"Exactly! You see, the victim of a snake bite often is unable to move or speak. Doctor Blake observed that in the case of the stricken star. Her nerves were affected, resulting in paralysis of the muscles of the heart and lungs and giving us some symptoms of suffocation. Then the blood, as a result of the attack of the venom, is always left dark and liquid. That, too, I observed in the sample sent me from Tarrytown.

"The snake," Kennedy continued, "administers the poison by fangs more delicate than any hypodermic. Nature's apparatus is more precise than the finest appliances devised for the use of a surgeon by our instrument makers. The fangs are like needles with obliquely cut points and slit-like outlets. The poison glands correspond to the bulb of a syringe. They are, in reality, highly modified salivary glands. From them, when the serpent strikes, is ejected a pale straw-colored half-oleaginous fluid. You might swallow it with impunity. But once in the blood, through a cut or wound, it is deadly."

"There could be no snake in this case," I remarked. "The fangs of a serpent make two punctures, don't they; while here there was just the one scratch—"

"Of course there were no fangs when the deed was actually done," he rejoined, impatiently. "We've traced everything to the needle in the portieres and it is my belief that it was part of an all-glass hypodermic with a platinum-iridium point. It could hardly have been anything like the coarser syringe used by Werner, nor do I think it possible that the point of an ordinary needle would hold sufficient venom, since it would dry and form a coating like the incrustation on the inside of the ampulla McGroarty found."

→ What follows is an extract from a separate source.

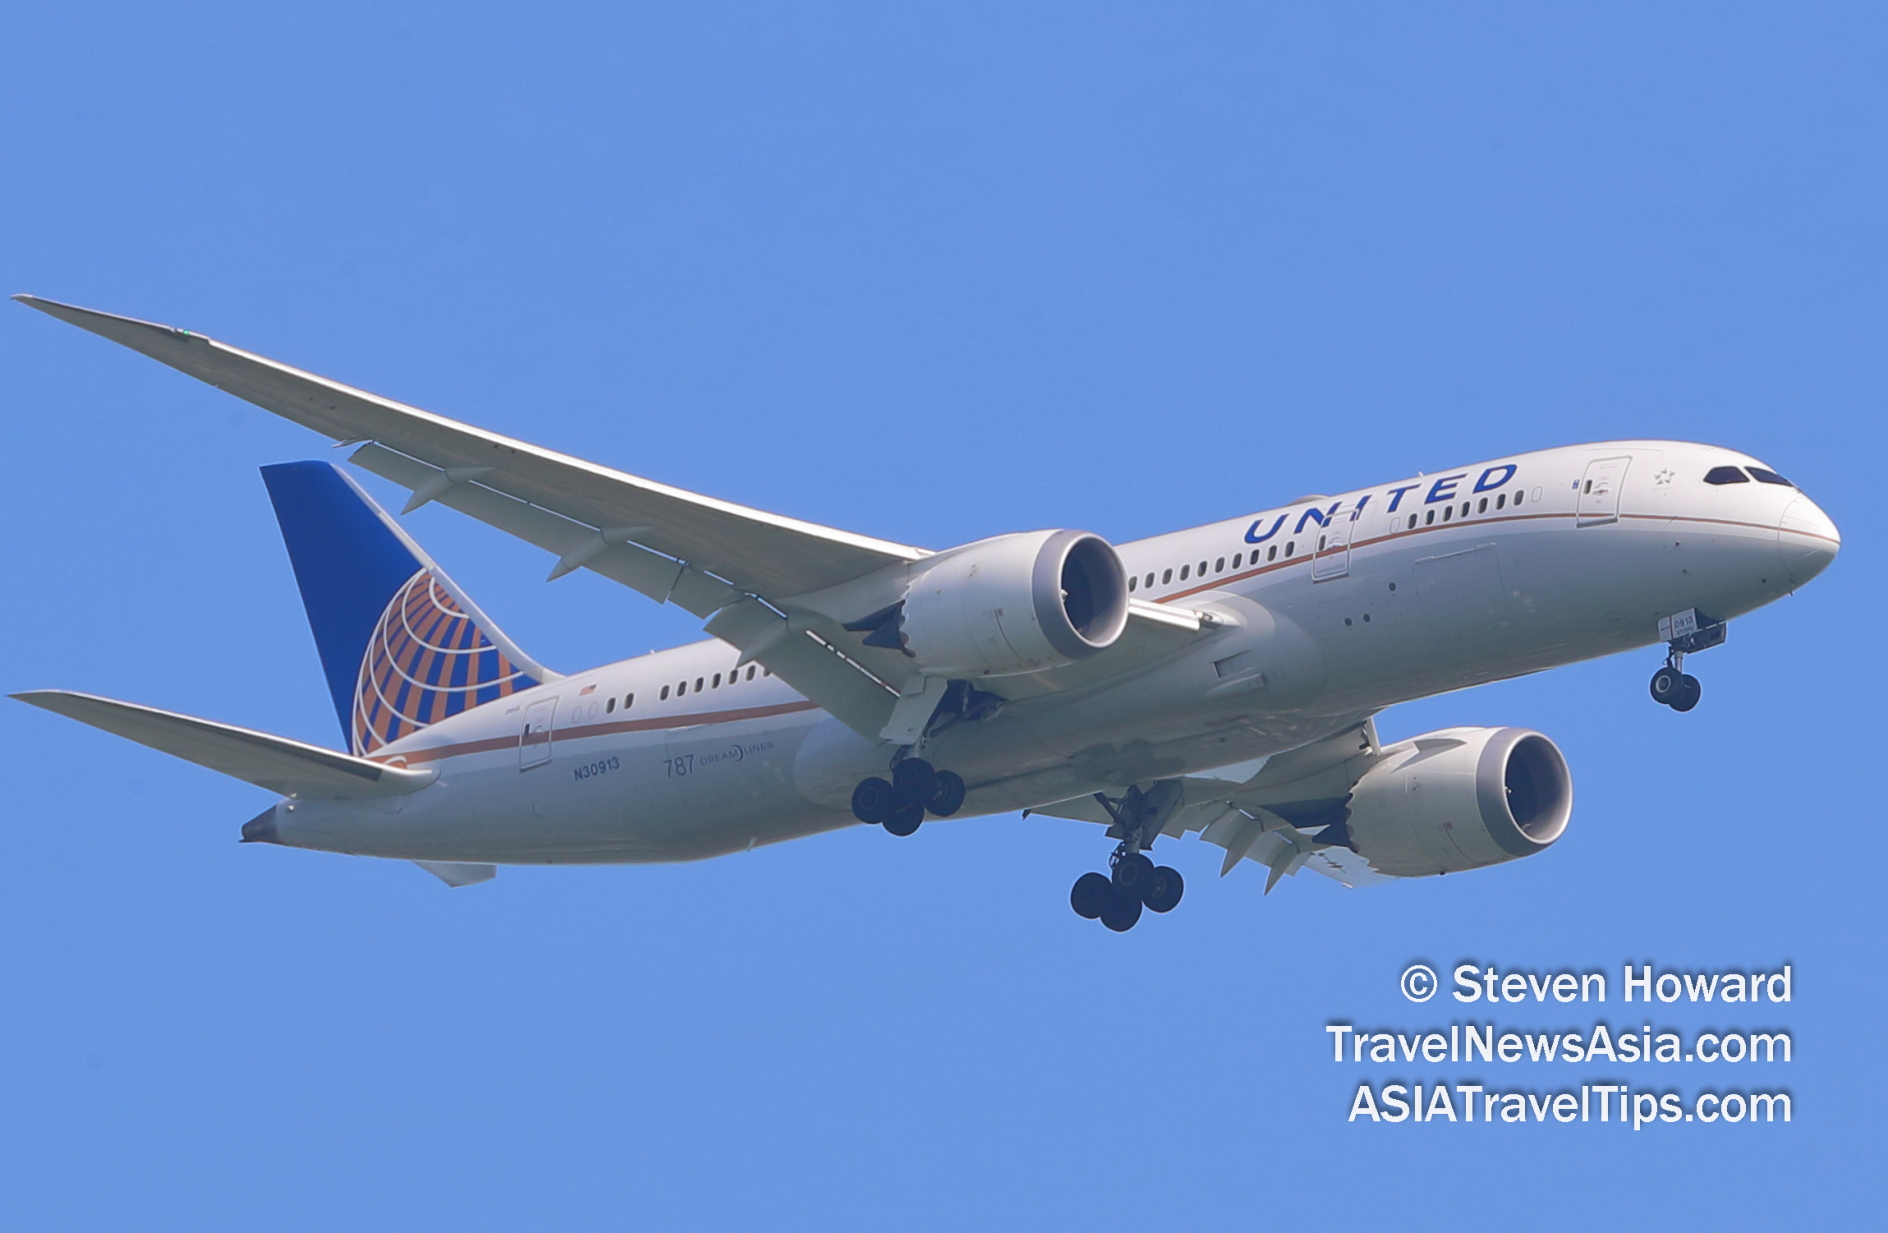 United Airlines Boeing 787-8 reg: N30913. Picture by Steven Howard of TravelNewsAsia.com Click to enlarge.

"That was the venom?" I asked.

"Yes, I found it in the ampulla and in the stain on the portiere where the needle had pierced through."

"The towel, though—"

"Is something else. First thing in the morning we'll follow that up, as
I promised you. Meanwhile let's concentrate on motives."

A long line of private cars and taxicabs outside Jacques' testified to the popularity of the restaurant. At the door stood a huge, bulking negro resplendent in the glaring finery of his uniform. It seemed to me that people literally were thronging into the place, for it was cleverly advertised as a center of night life.

Inside, the famous darky jazz band was in full swing. There was lilt and rhythm to the melody produced by the grinning blacks, and not a free arm or foot or shoulder or head of any of them but did not sway in time to their syncopated music.